Department of Psychiatry and Mental Health, Muhimbili University of Health and Allied Science, P.O Box 65001, United Nations Road, Dar Es Salaam, Tanzania.
Department of Psychiatry, School of Medicine, College of Health Sciences, Addis Ababa University, Addis Ababa, Ethiopia.
BMC Prim Care. 2023 Apr 21;24(1):106. doi: 10.1186/s12875-023-02061-1.
Integrating evidence-based interventions for people with alcohol use disorder (AUD) into primary healthcare (PHC) can increase access to care and reduce morbidity, mortality, and population burden. However, for the integration to be feasible, acceptable, and sustainable, there is a need to contextualize the approach and involve stakeholders. Therefore, this study aimed to use participatory methods to adapt a model for integrating AUD interventions in Tanzania's PHC system at the community, facility, and organizational levels.
A mixed-methods study was used. Participants include key mental health stakeholders, experts, and PHC providers. We conducted a situational analysis to investigate opportunities and constraints in the existing systems of care, utilizing data available from the routine collection and/or in the public domain, individual semi-structured interviews (n = 11), and focus group discussions (3 groups; total n = 26 participants) and a series of theory of change (ToC) workshops (n = 32). Data from the three methods were triangulated to develop the adapted model for integrating interventions for AUD in PHC.
A situational appraisal revealed limited community, facility, and organizational resources and infrastructures for supporting services delivery of integrated AUD interventions. Also, shortage of health workforce, inadequate health management information systems, and limited medical supply and financing. Nevertheless, the theory of change proposed integrated AUD intervention packages and strategies to facilitate integrated care for people with AUD. Additionally, the barriers and facilitators for implementing these integrated AUD interventions and how to overcome them were explored.

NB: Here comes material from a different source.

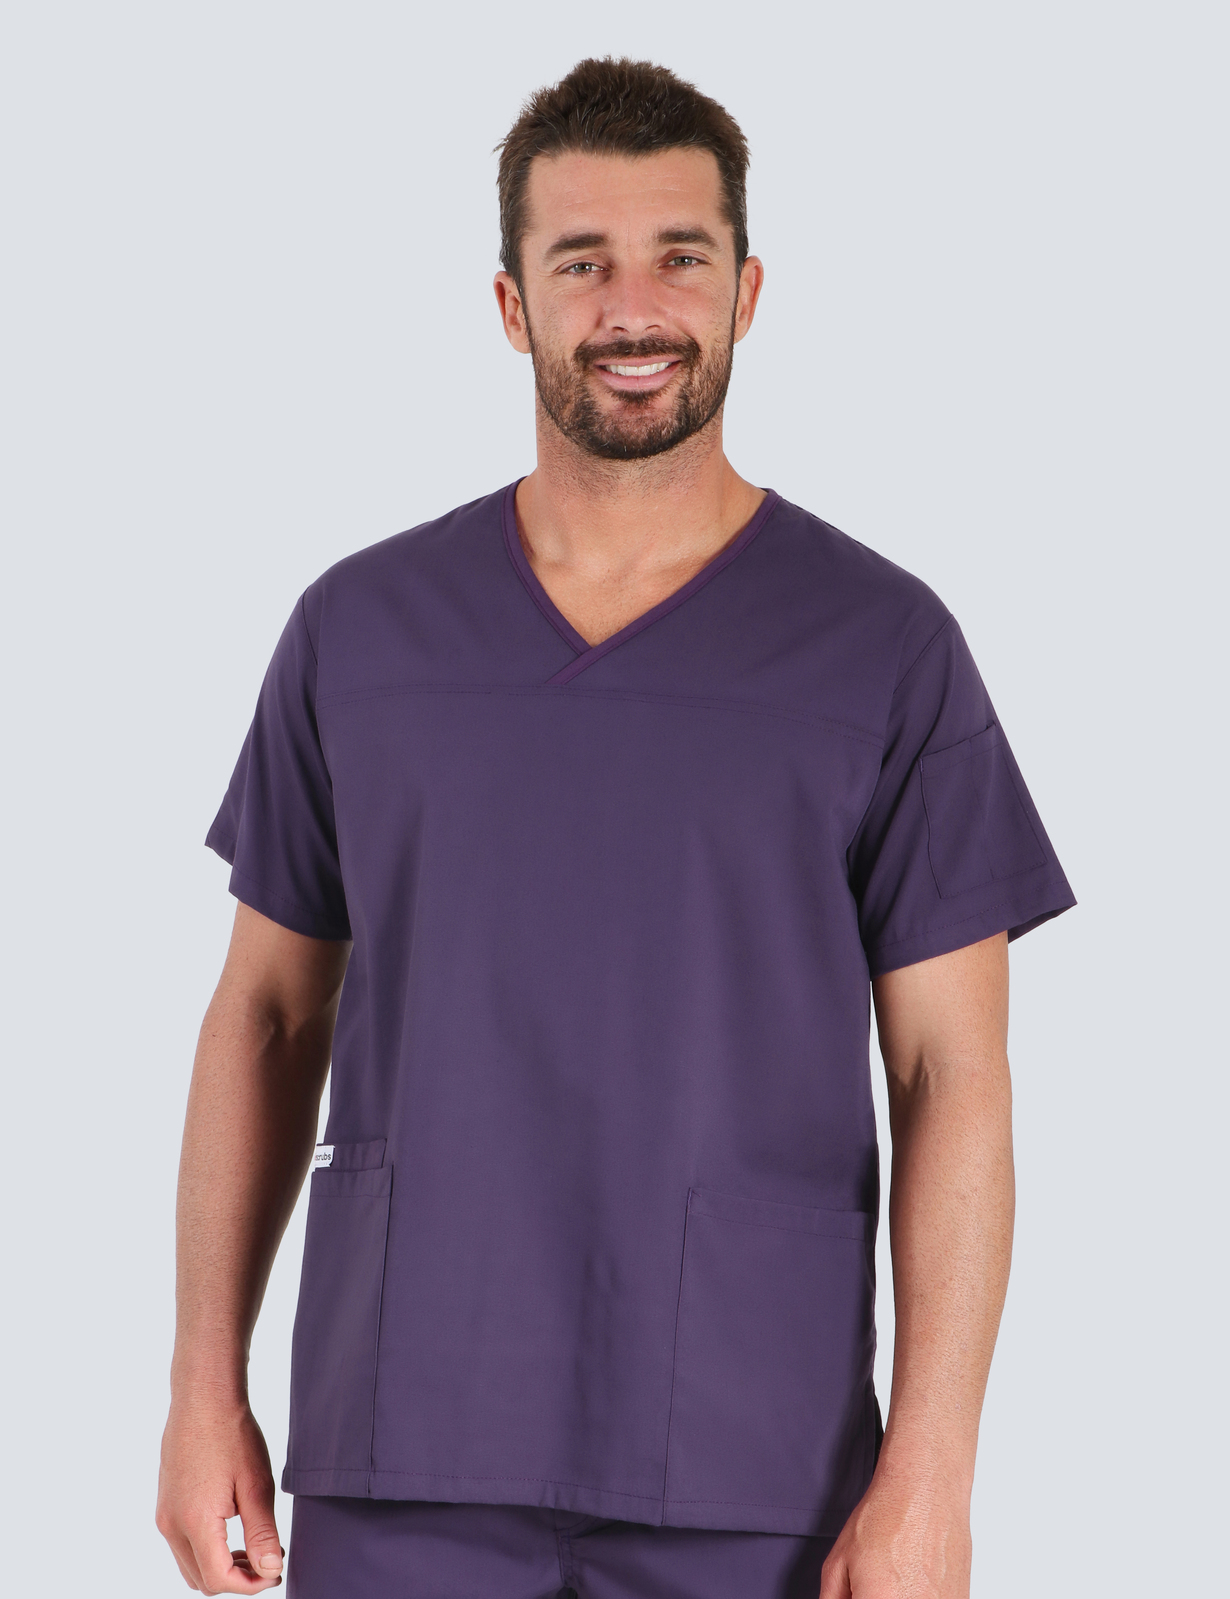 Men's Fit Scrub Top Redand Hospital - Pharmacist (top only)

The adapted model for the integrated AUD intervention in Tanzanian PHC revealed limited resources and system functioning for facilitating integrated AUD services. Nevertheless, it proposes the needed integrated AUD interventions and its barriers, facilitators, and strategies for overcoming them. There is a need to pilot the adapted model to inform plans for more comprehensive implementation or scaling up.
将针对酒精使用障碍(AUD)患者的循证干预措施整合到基层医疗保健(PHC)中,可以增加获得护理的机会,并降低发病率、死亡率和人口负担。然而,为了使整合具有可行性、可接受性和可持续性,需要对方法进行调整并让利益相关者参与进来。因此,本研究旨在使用参与式方法来调整一个模型,以便在坦桑尼亚的 PHC 系统中在社区、设施和组织层面整合 AUD 干预措施。
本研究采用混合方法。参与者包括主要的心理健康利益相关者、专家和 PHC 提供者。我们进行了一项情况分析,以调查现有护理系统中的机会和制约因素,利用现有常规收集和/或公共领域的数据、个人半结构化访谈(n=11)和焦点小组讨论(3 组;总参与者 26 人)以及一系列变革理论(ToC)研讨会(n=32)。三种方法的数据进行了三角剖分,以开发适用于 PHC 中 AUD 干预措施整合的调整模型。
情况评估显示,支持提供综合 AUD 干预服务的社区、设施和组织资源和基础设施有限。此外,卫生人力短缺、卫生管理信息系统不足、医疗供应和资金有限。然而,变革理论提出了综合 AUD 干预包和策略,以促进 AUD 患者的综合护理。此外,还探讨了实施这些综合 AUD 干预措施的障碍和促进因素,以及如何克服这些障碍和促进因素。
坦桑尼亚 PHC 中综合 AUD 干预的调整模型显示,促进综合 AUD 服务的资源和系统功能有限。然而,它提出了需要的综合 AUD 干预措施及其障碍、促进因素和克服障碍的策略。需要试点调整后的模型,以便为更全面的实施或扩大规模提供计划。